Key next steps following from the Cumulative Impact Assessment to be taken in 2023 include advancing the proposed City policy and implementing practice changes; additional quantitative data gathering and analysis, to be displayed in a public-facing data dashboard; and continued and strengthened community engagement. The co-governance approach employed during the Assessment will extend into this next phase of work, with OCEE and CDPH working with the EEWG to make decisions together and ensure ongoing accountability.
"This report gives us a clear picture of which communities are being harmed and how, and what it will take to protect them.

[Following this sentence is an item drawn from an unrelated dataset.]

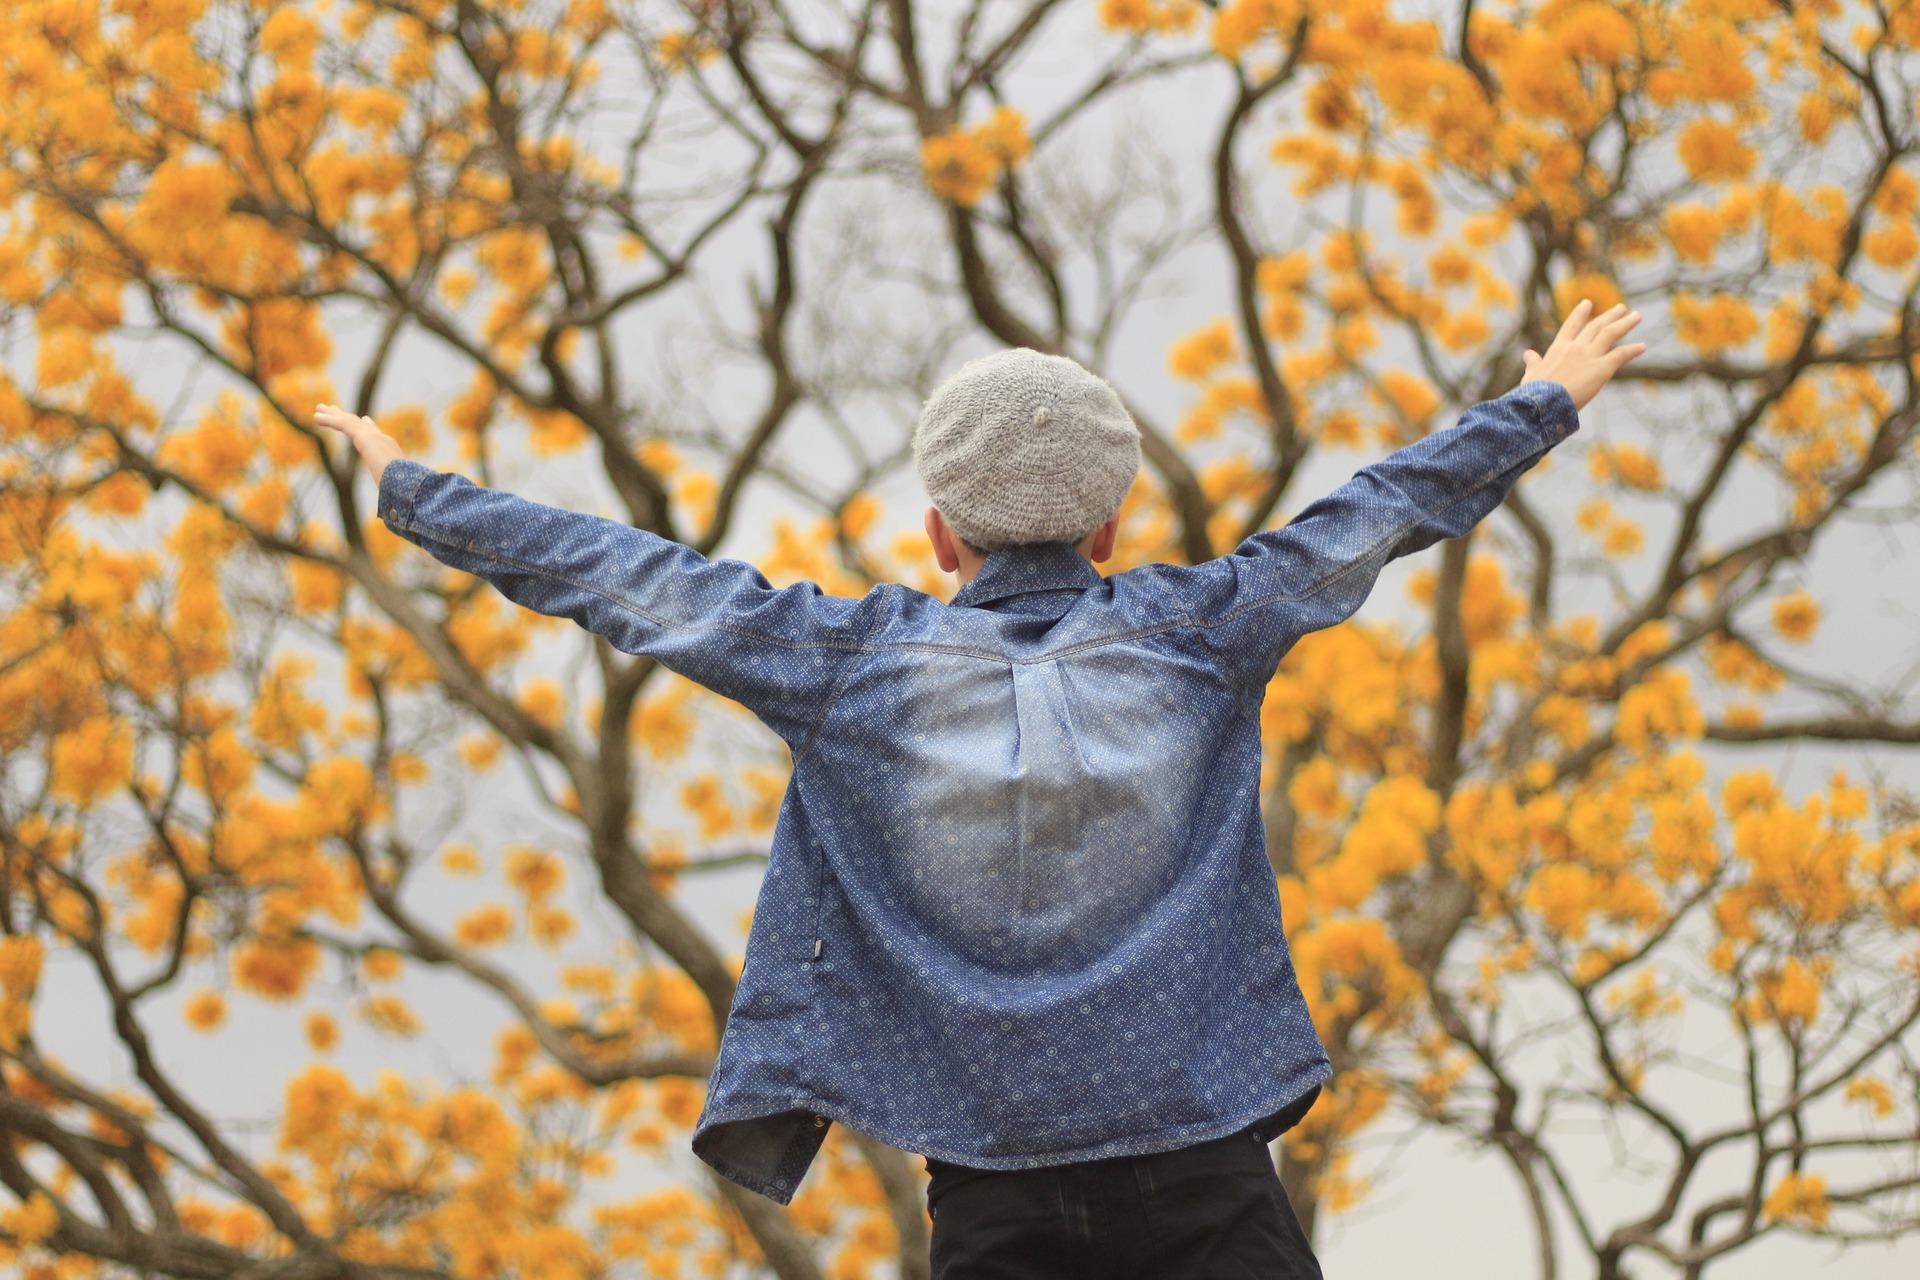 enfant heureux à l'automne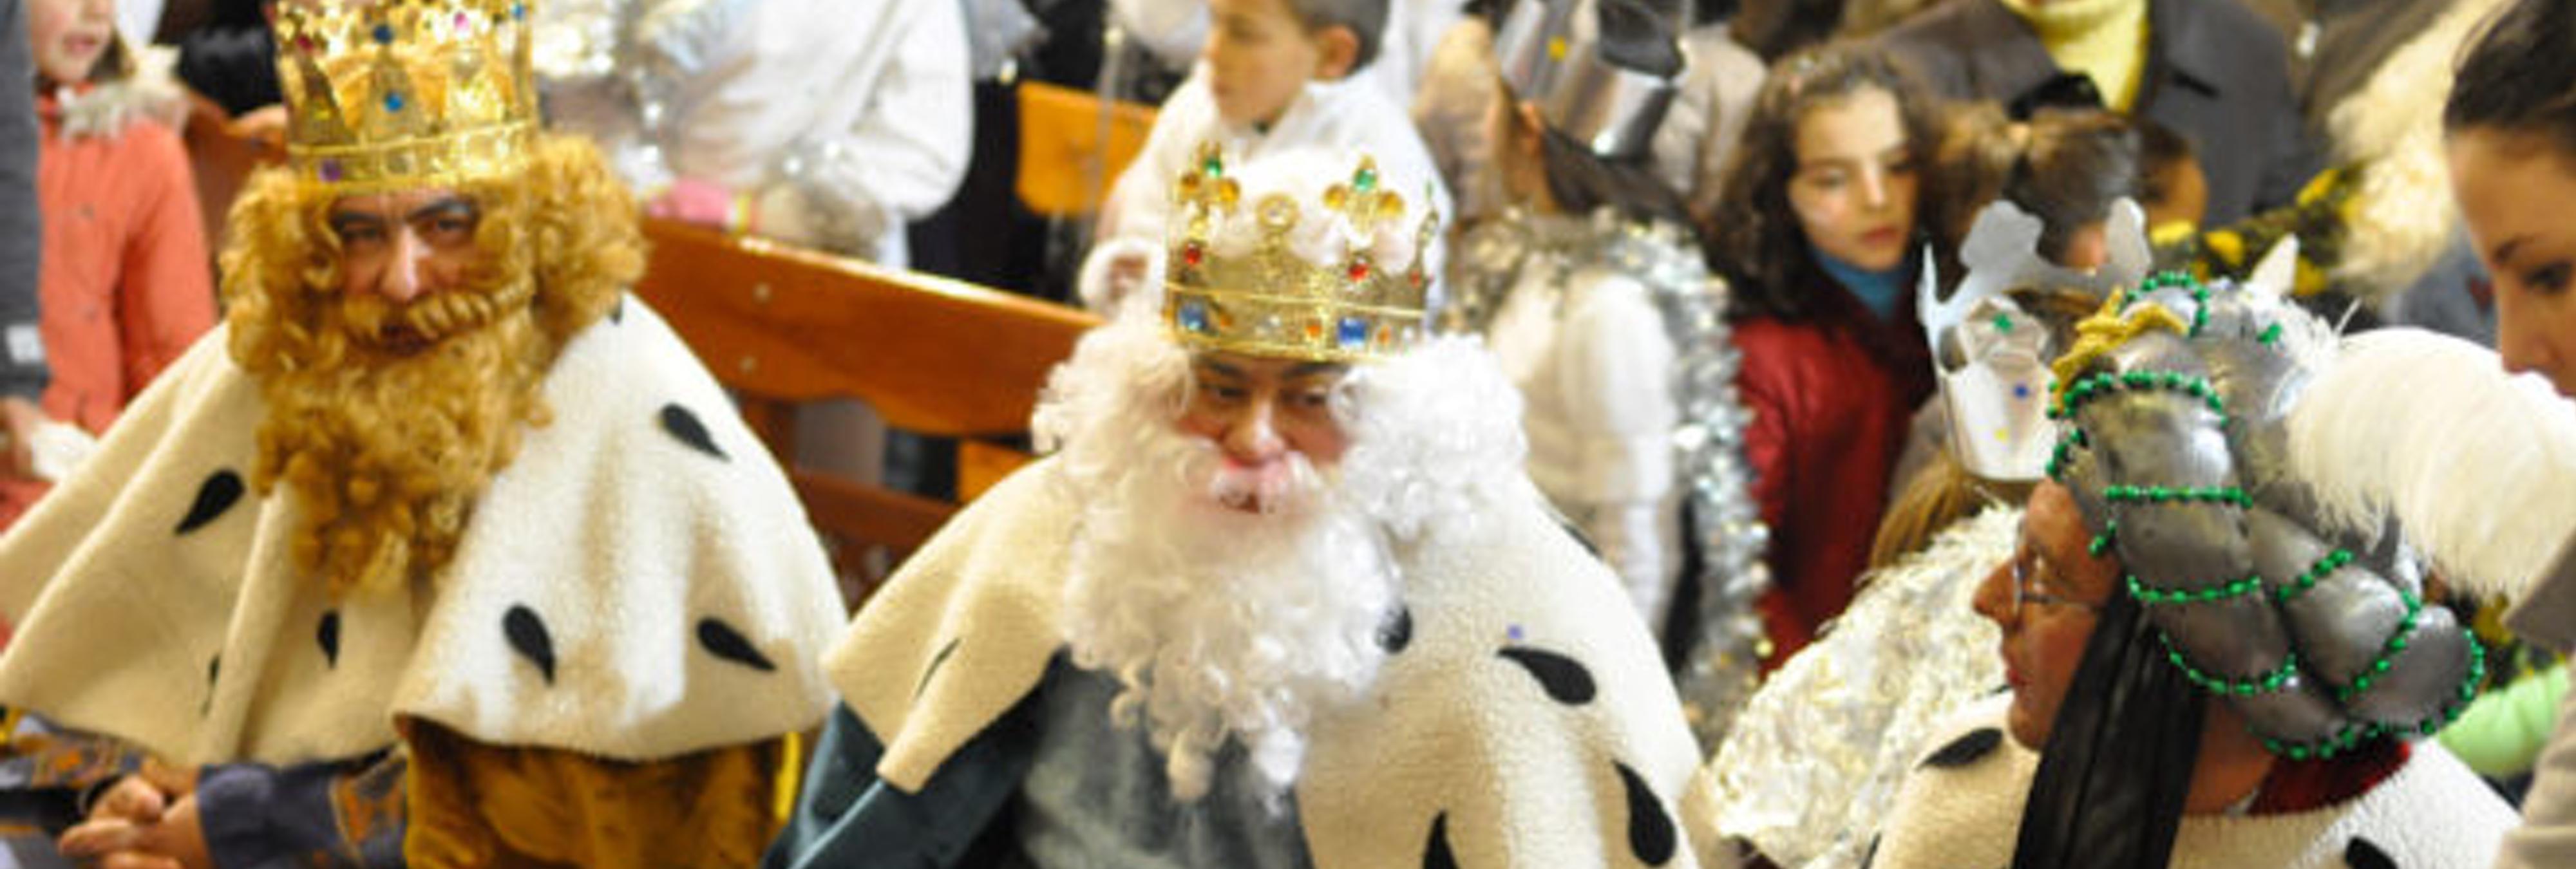 La carta viral que ayuda a explicar a los niños 'la verdad' sobre los Reyes Magos

Now comes the hard part: the City must act on it,” said Alfredo Romo Executive Director of Neighbors for Environmental Justice.
Many people shared their time, expertise, and resources during the Cumulative Impact Assessment process – including community leaders from the Chicago Environmental Justice Network; staff from more the City departments who participated in an Interdepartmental EJ Work Group; business and industry representatives; and everyone who lifted their voices and provided input through surveys, in-person events, and written comments. Technical experts on the project include the Illinois Public Health Institute, Tetra Tech and APEX.